[Prompt] Starting at the line that contains "Enneagram ENFP and", repeat each line of the listing below through the last one, exactly, and leave out every picture.

START Input data

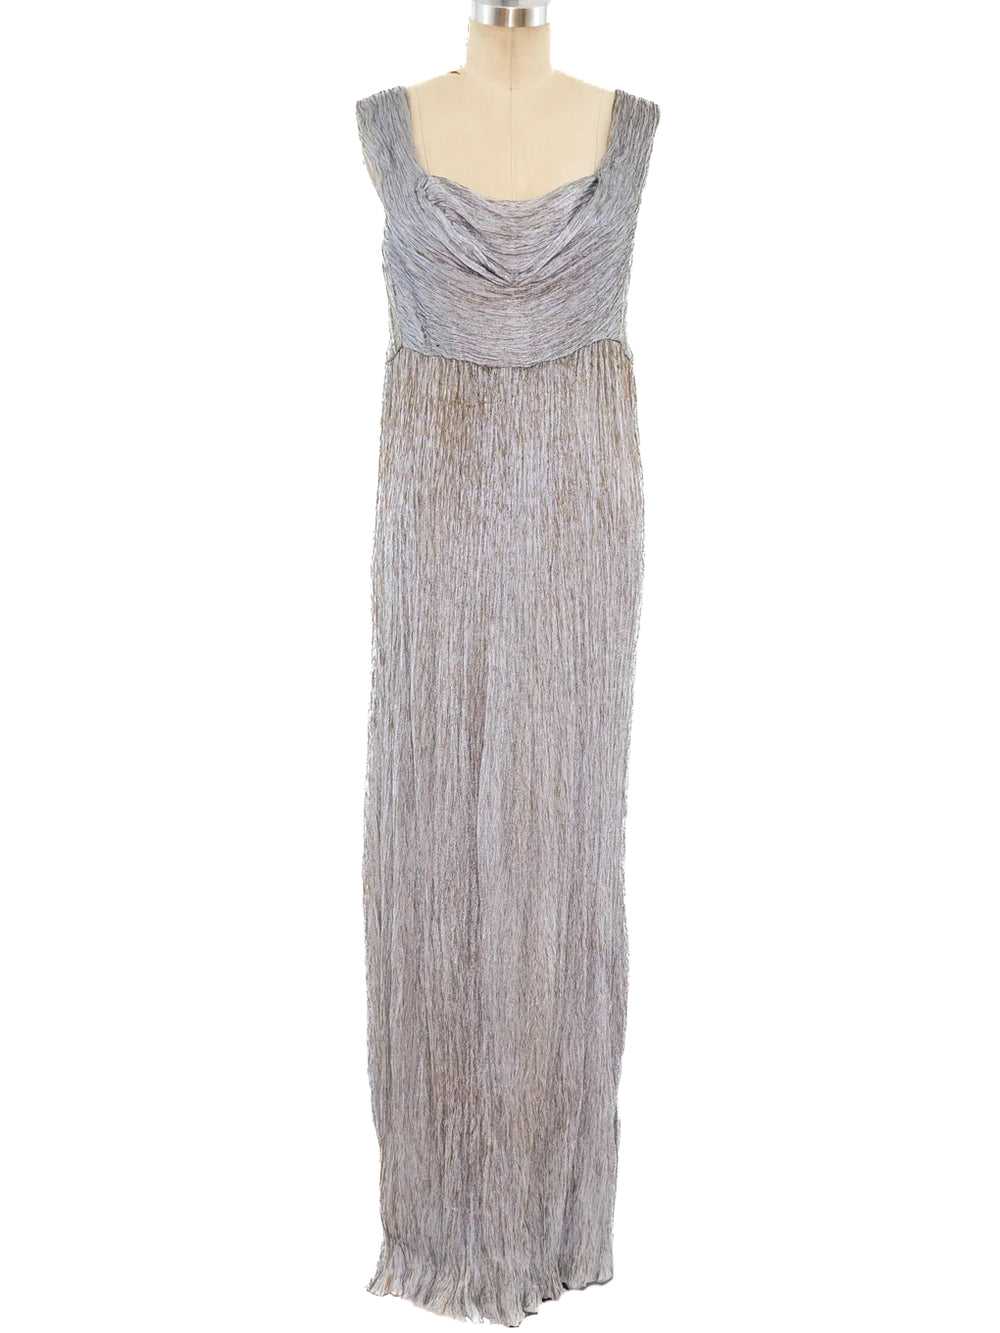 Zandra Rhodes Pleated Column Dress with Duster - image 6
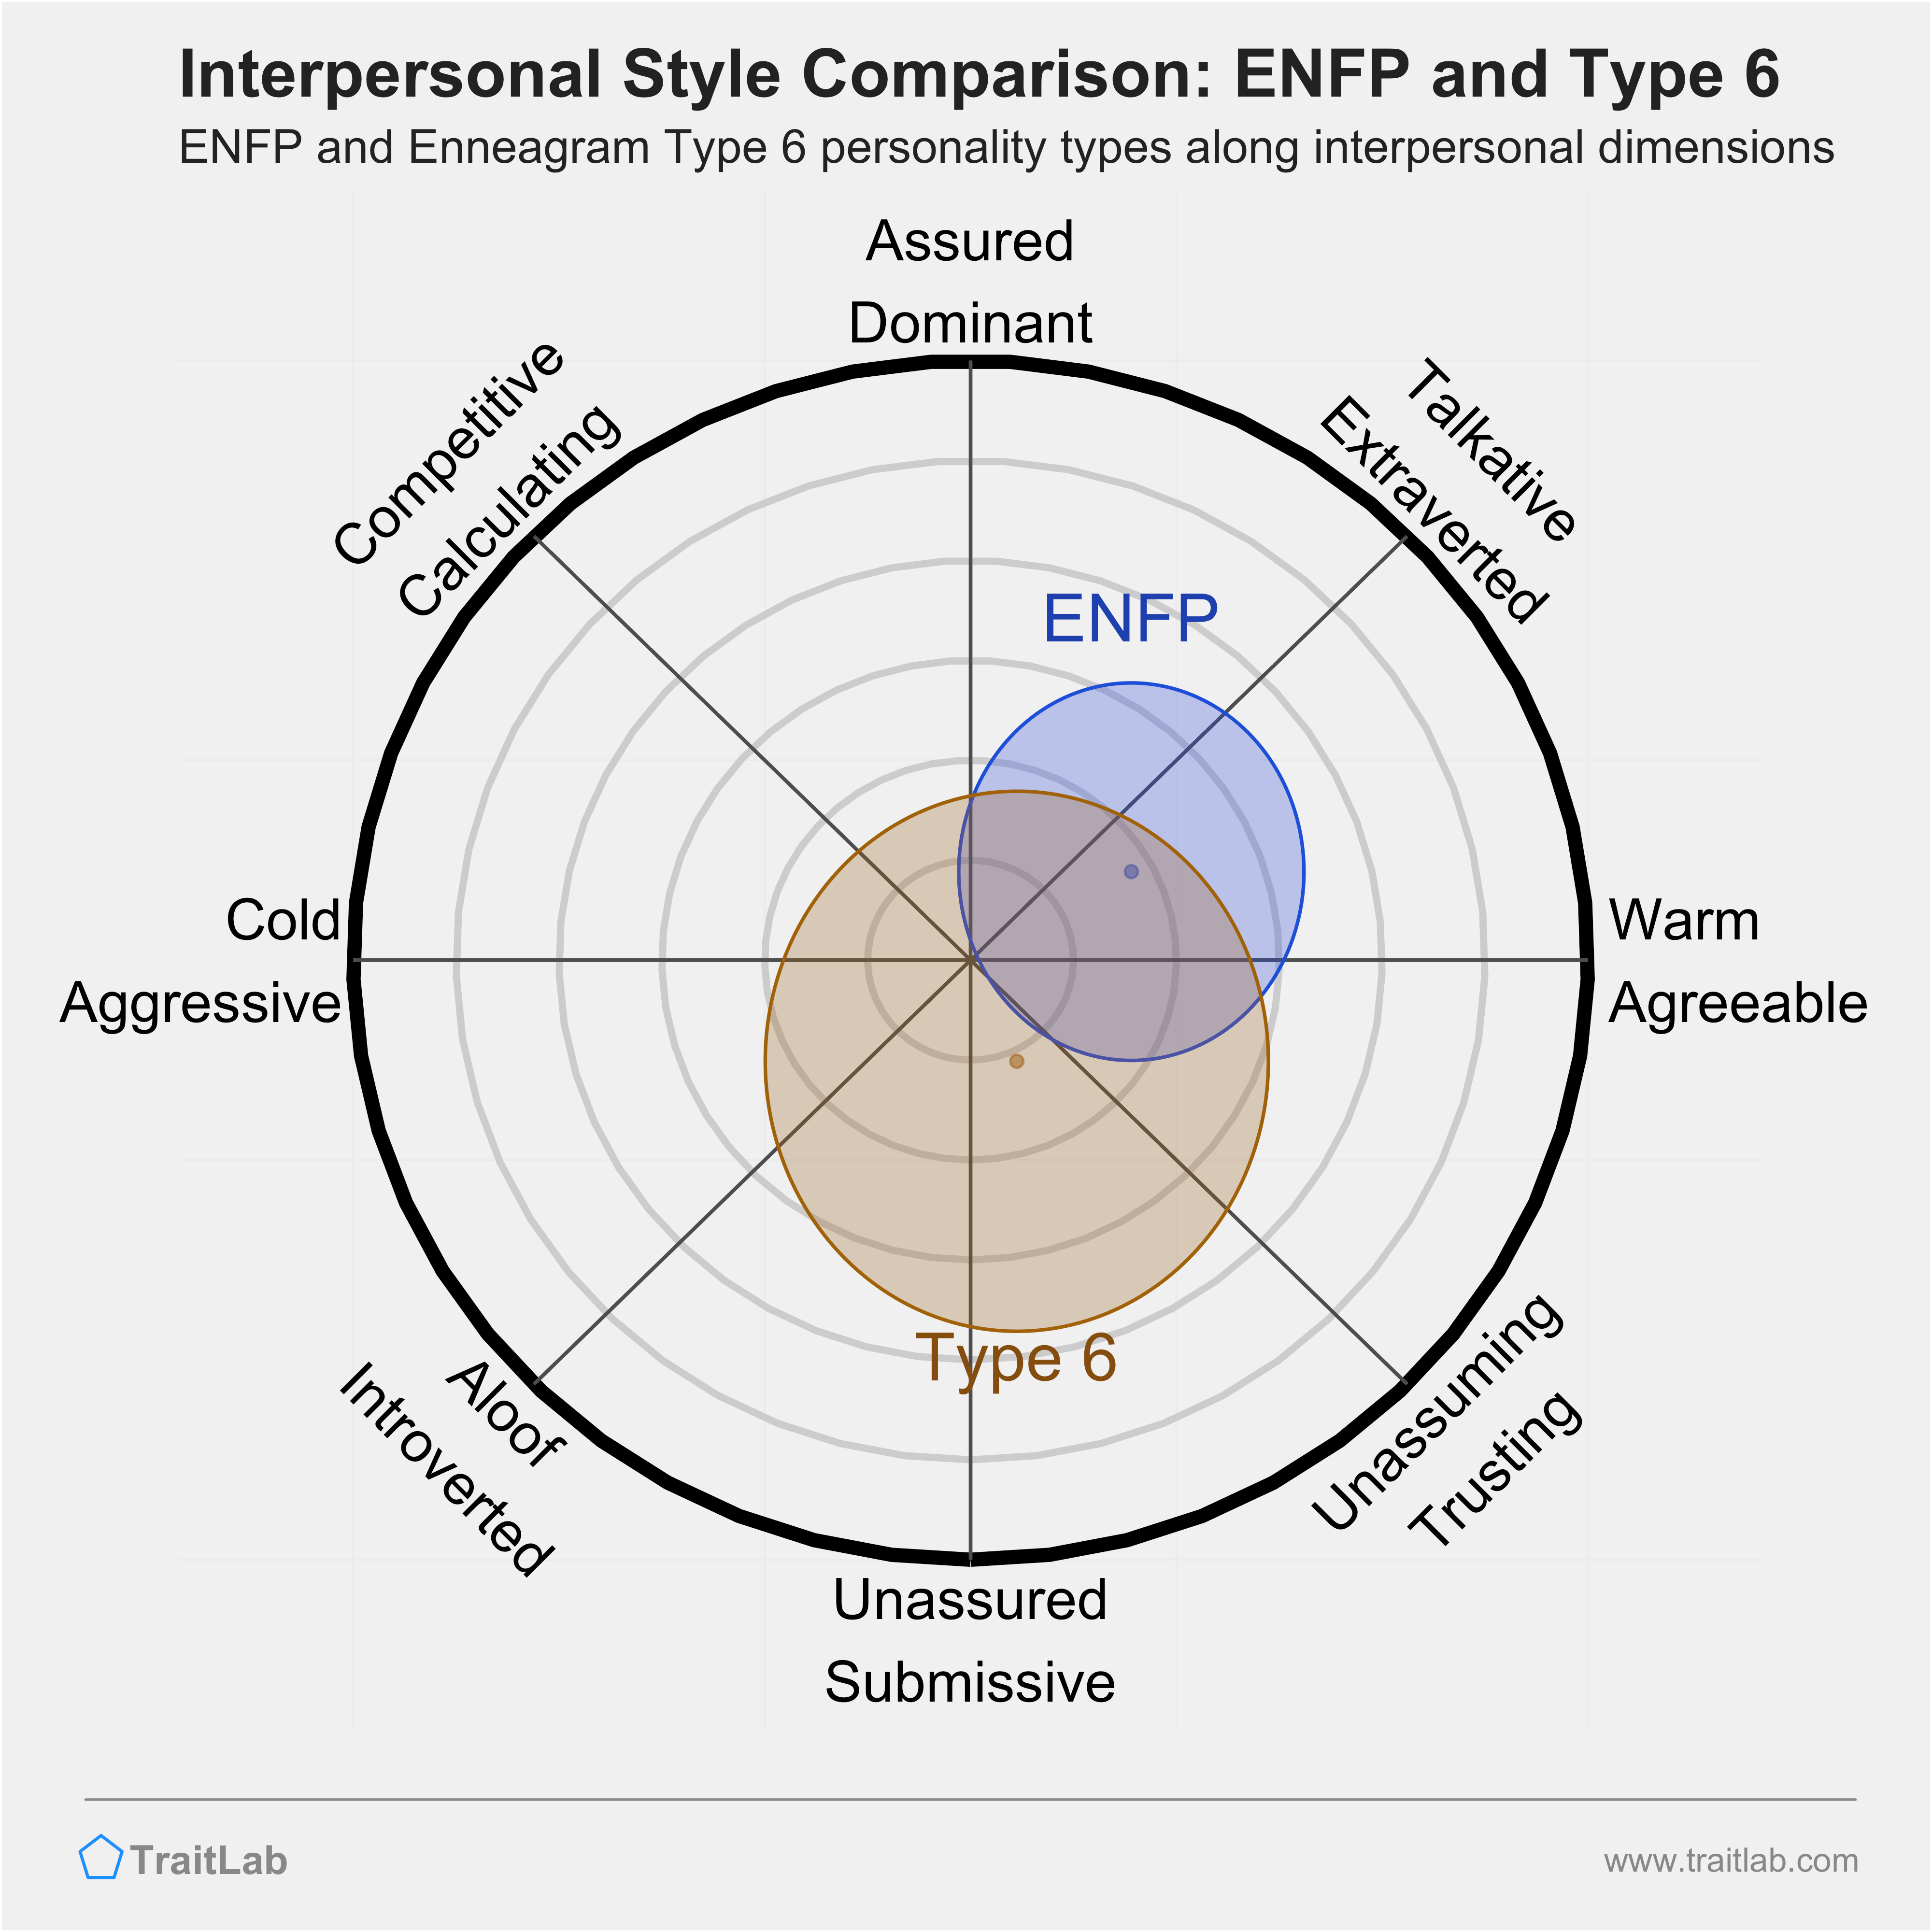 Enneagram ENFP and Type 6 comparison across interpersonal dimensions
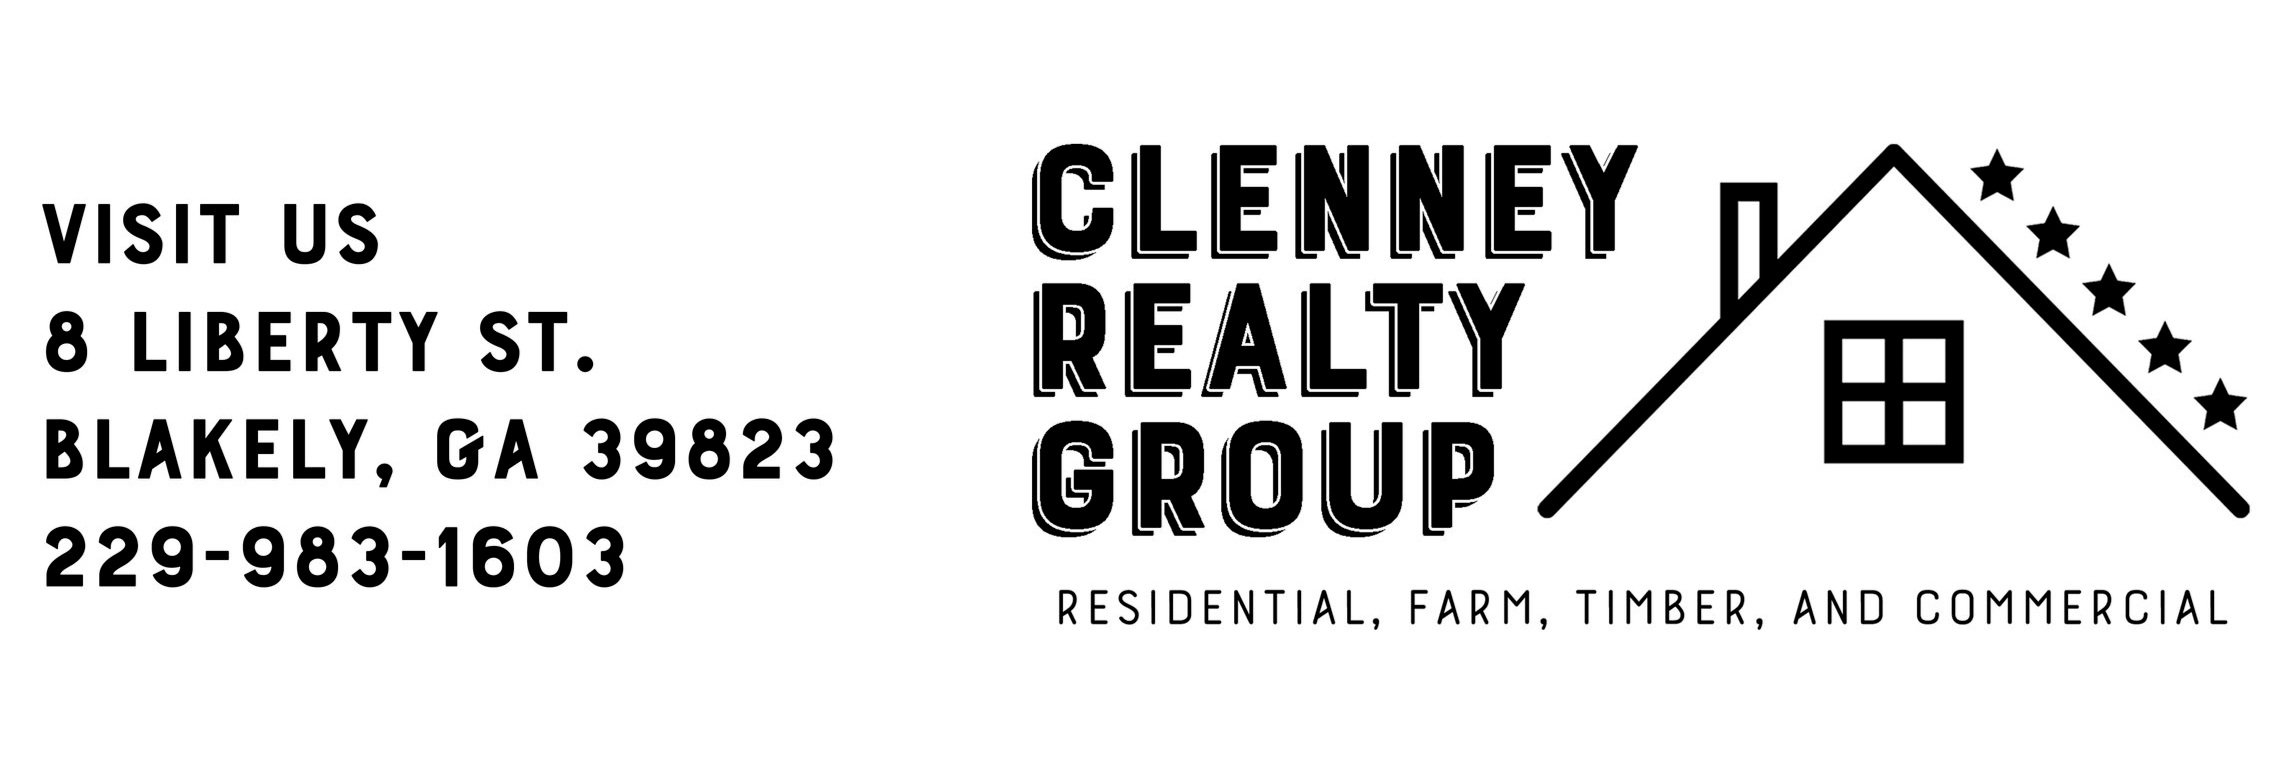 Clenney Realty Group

END Input data

[Reply]
 Enneagram ENFP and Type 6 comparison across interpersonal dimensions
 Clenney Realty Group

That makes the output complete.